Sergey Korzun, chief editor of the Russian radio channel Echo Moskvij had the honors of interviewing former World Champion Anatoly Karpov (1975 to 1985 and 1993 to 1999) for one whole hour. Whilst interviewing he worded a few opinions that probably bother not only sympathizers of Vishy Anand and Vladimir Kramnik.
He praised Magnus Carlsen’s memory and individual playing style, but criticized his “inflexible” opening repertoire and expressed doubt about his byname ‘exceptional talent’. In Karpov’s opinion Fischer and he himself were much stronger then Magnus Carlsen is today. However, he emphasized that Carlsen has growth potential and leaves the thought whether he will ever reach the level of Bobby Fischer and himself unanswered. He does expect great things from Carlsen though.
Karpov mentioned having played against Carlsen many times, but cleverly skipped the fact that Carlsen defeated him at the age of 13.
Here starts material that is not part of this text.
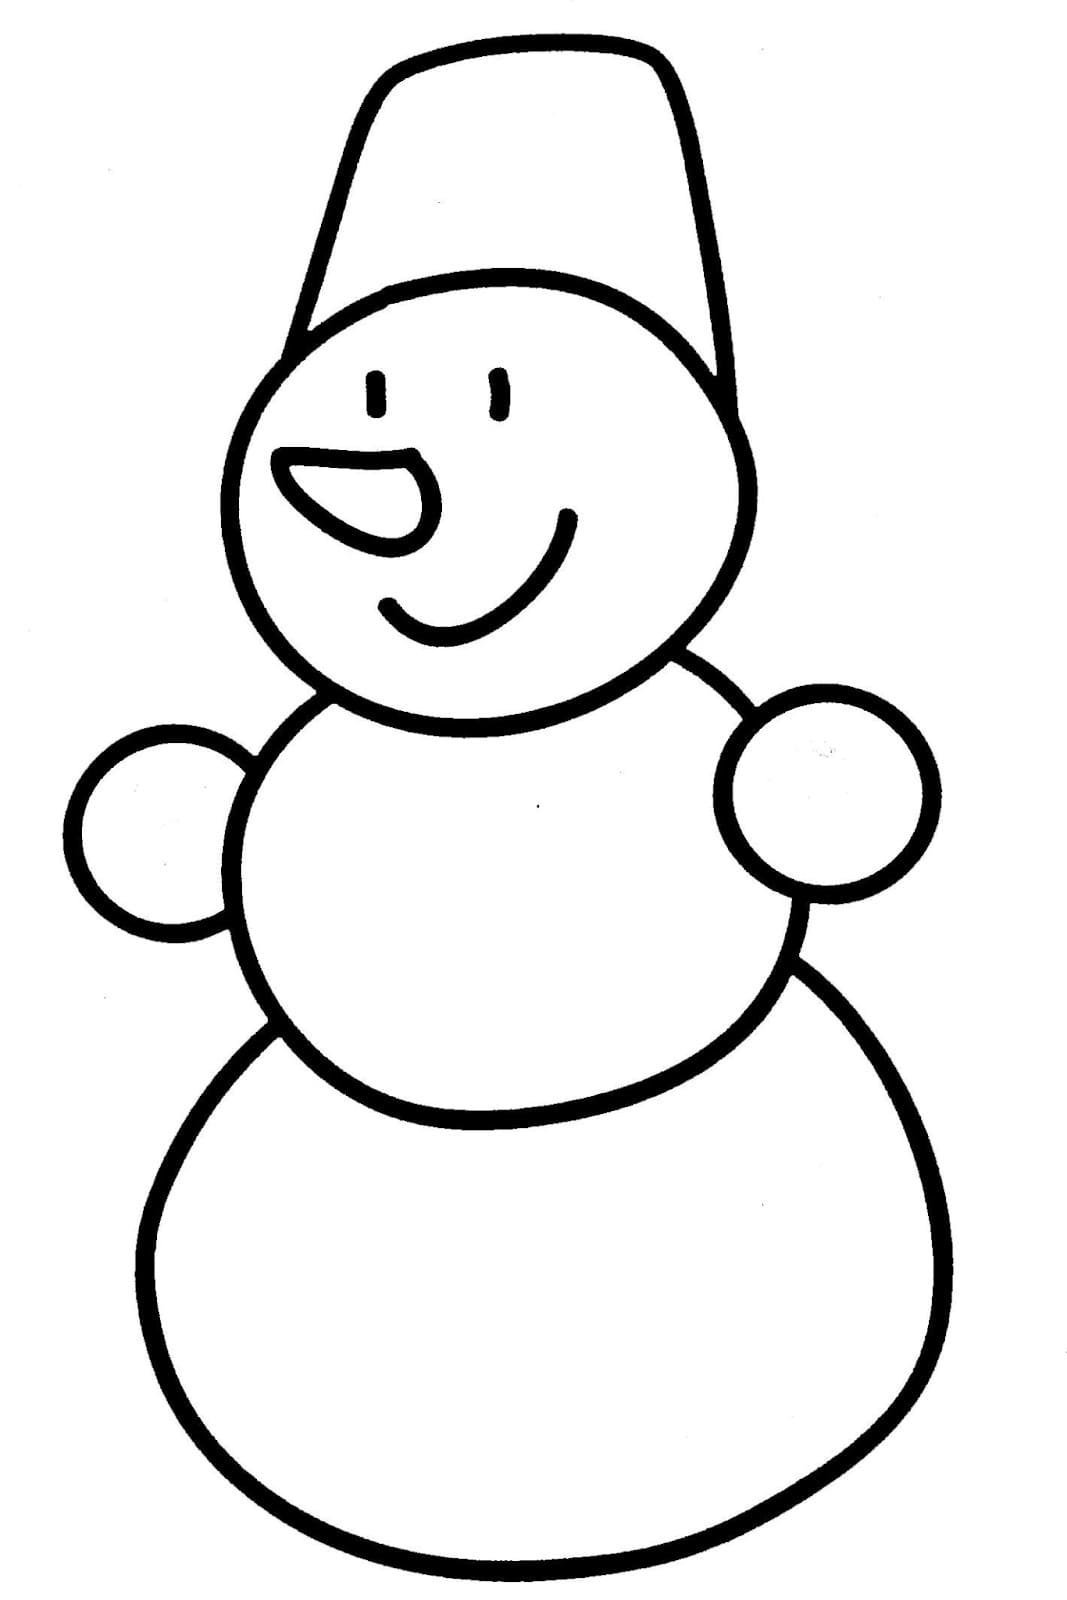 Снеговик эскиз рисунка фото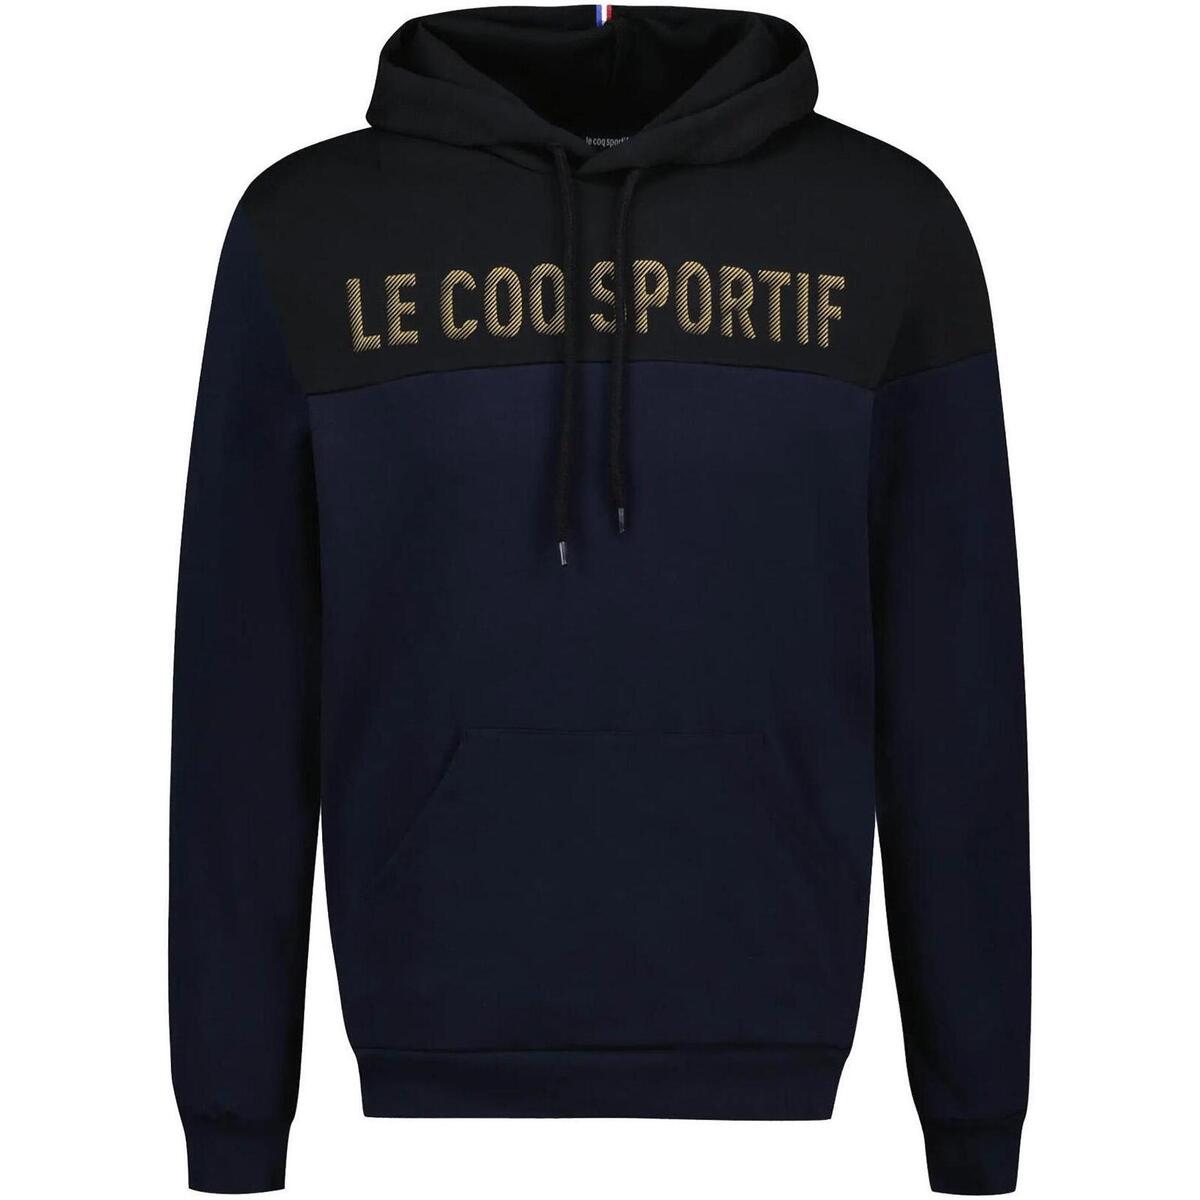 Vêtements Homme Sweats Le Coq Sportif Noel sp hoody n1 m sky captain/black Bleu

Karpov is amazed, on the other hand, by Carlsen’s representing role as Chess World Champion and how, symbolically, he has become the leader in the world of chess. In this context he referred to the Norwegian talent’s predecessors Visvanathan Anand and Vladimir Kramnik as selfish figures. He thinks of them as money-oriented chess players who tried to only protect their titles through preparation. They are to be held responsible for missed opportunities and decreasing recognition of chess as a sport.
In his opinion, the challenge Anand is facing with the upcoming World Championship duel against Carlsen is “stunning”. After the last fight at which Anand had lost his title, Karpov would have never expected for him to return to competition. Karpov called Anand’s playing style against Carlsen “poor and helpless” and even guessed that he has developed a kind of “Carlsen Complex”. He did acknowledge Vishy’s outstanding performance at the World Championship qualifications, which he considers fruits of his hard preparation efforts.
Lastly, Karpov sharply criticized the value that the FIDE is giving the ELO-ratings. Such ratings as qualification criteria for tournaments are a ‘crime against check’. During his time as Chess World Champion He discussed the ELO-issue with the inventor of the rating system, Professor Arpad Elo. Elo himself had only invented the system as approximate measure, and had not intended for it to be an absolute criteria for decision-making. The ELO-rating should be a rough measure of the objective capability in matters of chess. Accepting or rejecting players on the basis of ELO points when it comes to tournaments is a severe mistake, as differences in this measure do not indicate who might be the better chess player overall.
Furthermore, Karpov recognized an inflation in ELO-ratings. When he became World Champion, top ELOs ranged around 2600 and 2700, whilst today an ELO is 2650 is not even enough to be listed amongst the Top 100 players of this world. Not only higher ratings but also the shrinking difference between players is target of his criticism. At the zenith of his career, Fischer was 100 points ahead of his runner-up, and Karpov’s ELO account exceeded his strongest opponent’s by 50 points.
On November 7, the World Championship battle between Magnus Carlsen and Visvanathan Anand will begin in Sochi. We are curiously waiting for further opinions of expert observers.